Leprechauns in folklore were clever, sometimes mischievous, often amusing—but they never got the girl, at least not in any story I could find. Even modern paranormal romance writers neglected the poor leprechaun. Vampires and werewolves could get lucky. Hey, even zombies got some love, gross as the idea was if you thought about it. But for the poor leprechaun, there was none to be had. Even worse, for the leprechaun I saw in the mirror every morning, there was no pot of gold at the end of the rainbow, so I couldn’t even get girls to love me for my money.
I sighed and made a conscious effort to forget about the whole thing. The website experience had been worth a chuckle or two, but now that it was over, I felt kind of let down. I guessed someone would have to be pretty bored to find fake deals with the devil funny for very long.
Yawning, I realized it was later than I thought. I got ready for bed and crawled between the covers, fully prepared to dream about my new, smokin’ hot girlfriend. Dreaming was as far as that was ever going to go.
I woke next morning realizing I hadn’t even gotten a dream out of the deal, at least not that I could remember. I did feel nervous, though, as if I were actually going to meet a potential girlfriend today. I even went through the motions of combing my hair more attentively than usual, and I went out of my way to pick out a clean shirt.
I had to snicker at myself a little. It was going to take a lot more than that to get me some sex-goddess girlfriend. On a good day, I was Joe Average, and girls who were genuine tens didn’t usually end up with guys who were fives, at least not in my experience.
My parents could see there was something subtly different about me, but they didn’t ask. They were pretty cool about not trying to probe every single detail of my unexceptional teenage life, and I repaid the favor by telling them anything I felt comfortable sharing.
By the time I arrived at school, I had mostly shoved the whole smokin’-hot-girlfriend thing out of my mind. I might not have been great with the ladies, but at least I was a good student, and I didn’t want to get distracted from my academic goals by some prank website.

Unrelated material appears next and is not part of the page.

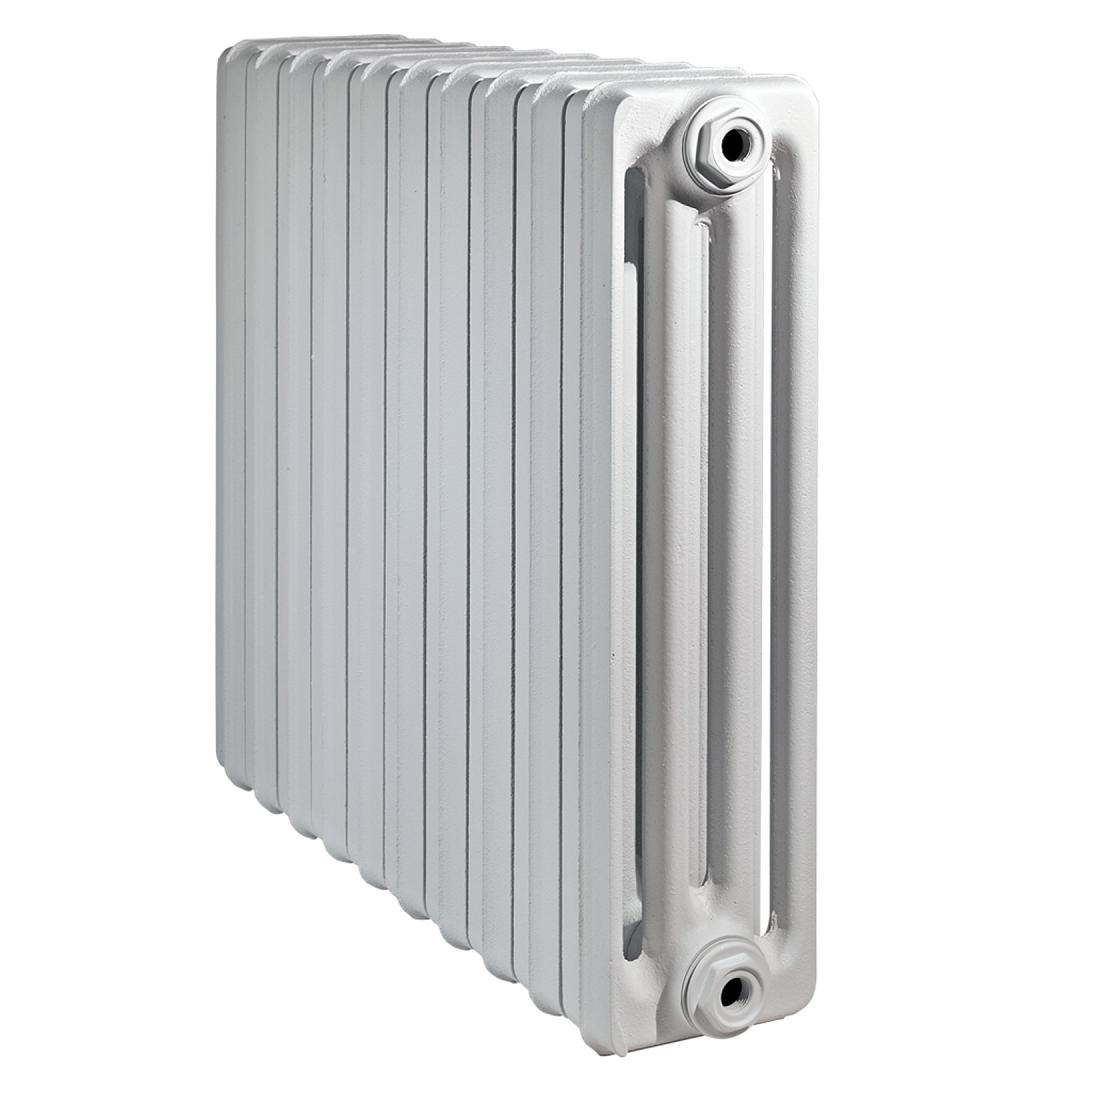 Чугунный радиатор VIADRUS Kalor 3 500/160

Despite my motivation, I had the feeling the day might not be very productive. We’d moved to Madisonville four years ago, but I still wasn’t really used to the place, particularly its heat. When my friends back in Wisconsin thought of California, they visualized beaches and great weather. For someone living near the coast, that wasn’t a bad description, but Merced, much further inland, averaged about ten degrees warmer than the coastal cities, and Madisonville, east of Merced, tended to be even hotter than that. If there was a breeze, it was no cool ocean breeze. It felt more like the hot air that came out when you opened an oven. October here was sometimes like July in beach cities, and today was no exception.
Yeah, it had snowed in Wisconsin in winter, sometimes a lot, but I’d trade a Wisconsin winter for a Madisonville summer in a heartbeat.

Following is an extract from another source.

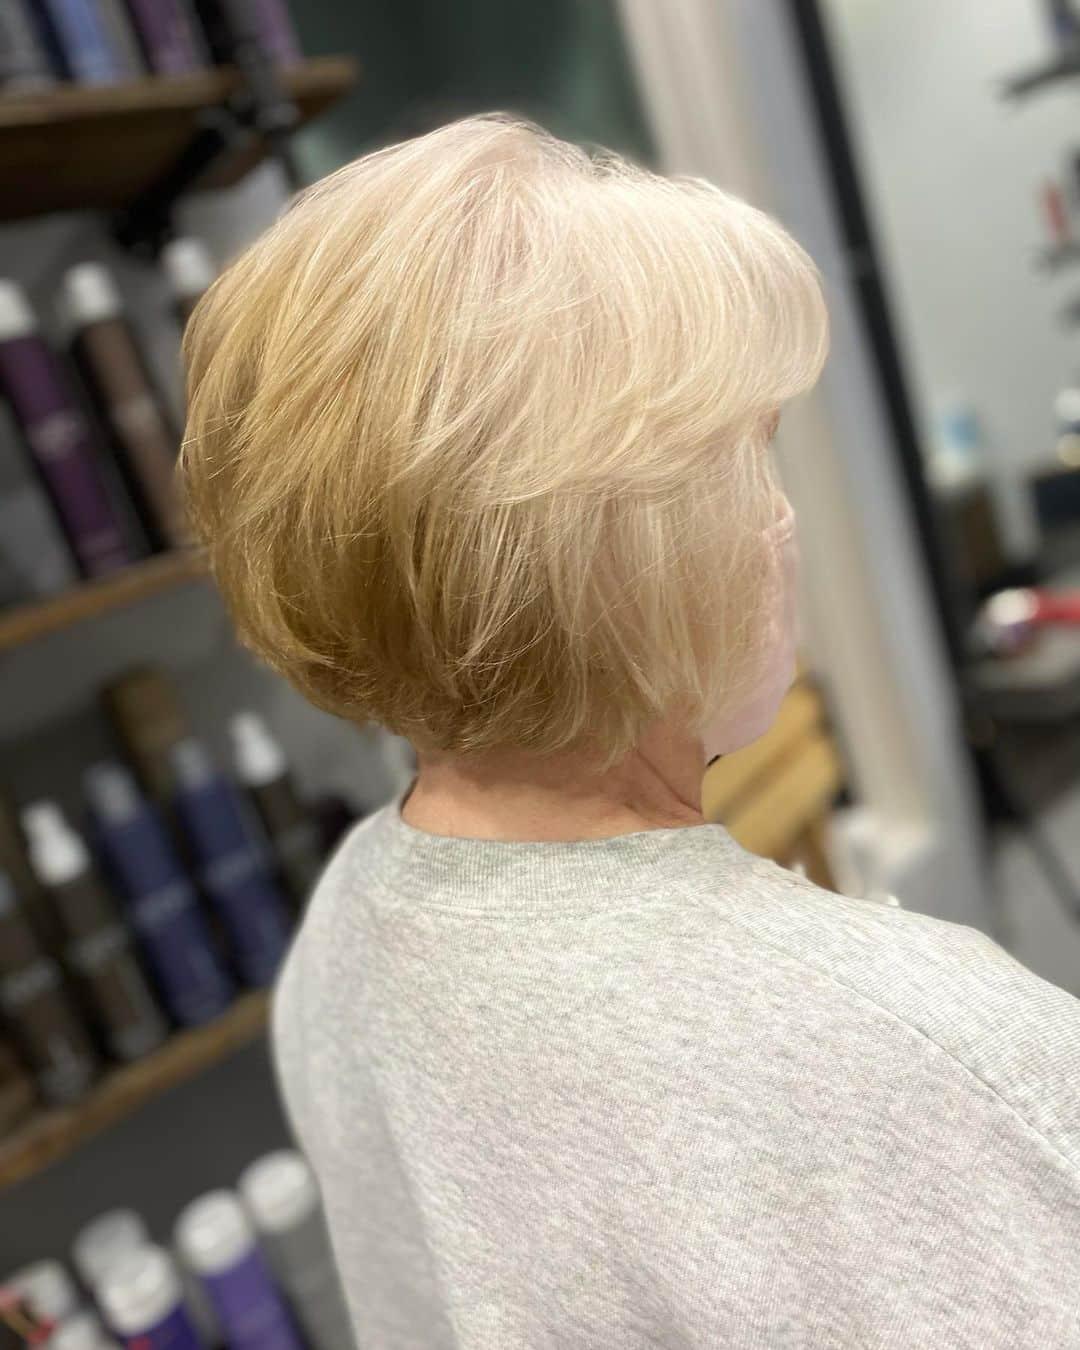 La coupe de cheveux à poils superposés

I wasn’t a big fan of James Madison High School either. It was clean, new and appropriately air-conditioned, but it had the feel of a place with no past, as if it had dropped out of the sky yesterday.

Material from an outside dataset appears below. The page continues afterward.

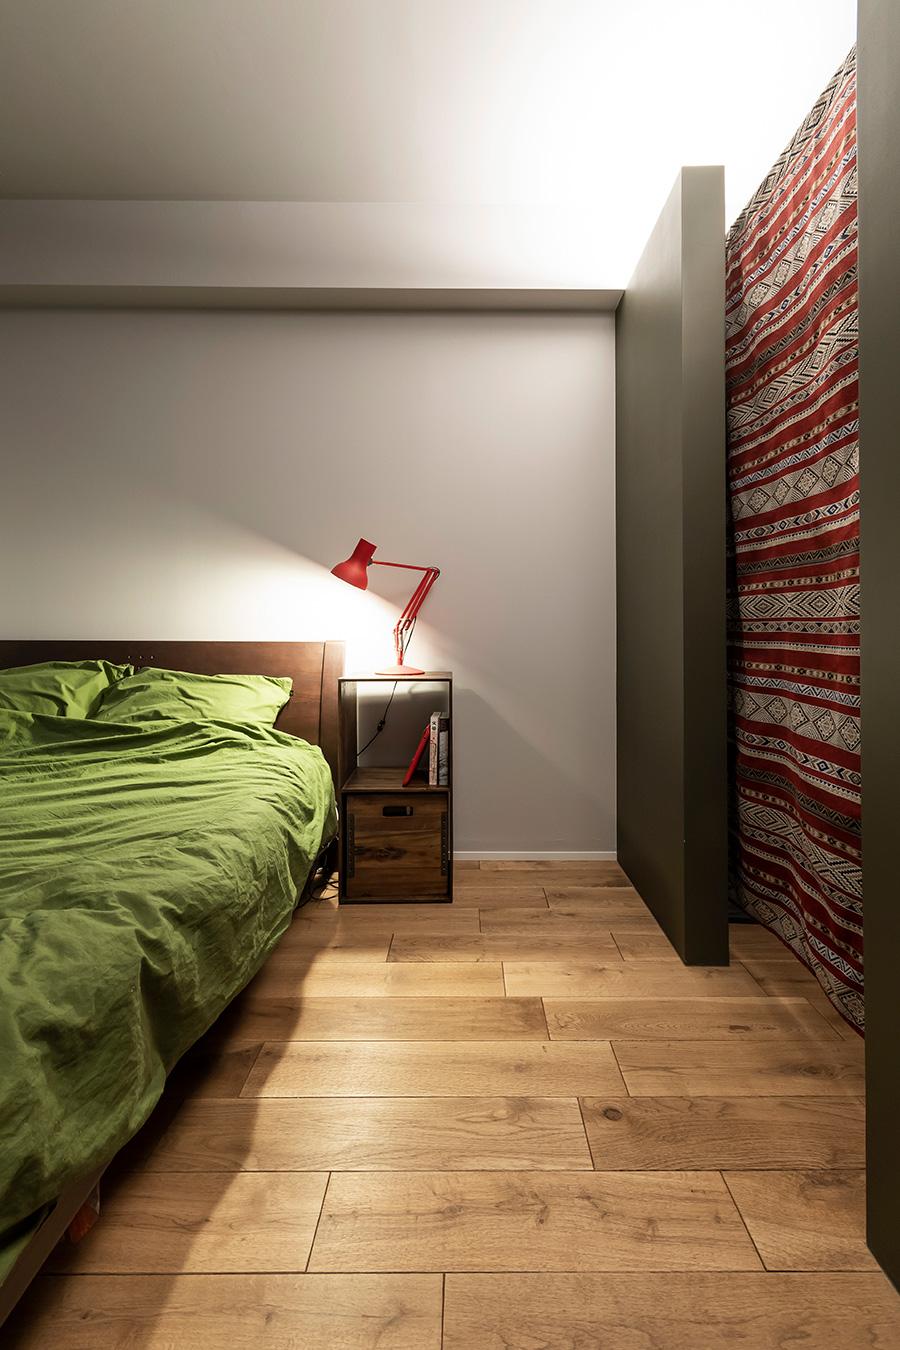 寝室の内装には木材を使い、温かみのある空間に。

I’d been a student at Regis Middle School in Eau Claire, Wisconsin, and if my family hadn’t moved, I would have attended Regis High School on the same campus. It was surprising in some ways that I missed Regis. I was no one’s idea of a good Catholic—even my parents would have admitted that—, and Regis was very emphatically a Catholic school. There was something, though, about being in a place with roots, with tradition—hell, with a past of any kind. Regis descended from the old Saint Patrick’s High School, founded in 1914, renamed in 1954. Madison High School, by contrast, had just opened when my family moved to town, and the place felt artificial, like one of those model homes no one actually lives in, despite all the students that shuffled through it every day.
A house has to be lived in for a while to become a home. Though I’d been at Madison my whole high school career, it still had that new-house feel to me. No, even worse—the feel of a house a real estate agent was showing you, one you somehow knew wasn’t a good fit.
I tried to get my mind back on the right track. Who cared if the school had a long history or not? What was important was that it had a decent academic program, and that was what I needed to focus on. I could leave all the oddly poignant nostalgia for when I was writing my memoirs.
My resolve to focus with laser-like intensity on my studies lasted for all of about five minutes, at which point I saw her moving in my direction. She made eye contact as if she knew me, but that was impossible—there was no way I could have forgotten a girl like her.
It was as if someone had taken my specs for an ideal woman and created one who matched those specs down to the most minute detail. She was exactly the right height for me, and her curvaceous body was possibly the most mind-overwhelming thing I had ever seen.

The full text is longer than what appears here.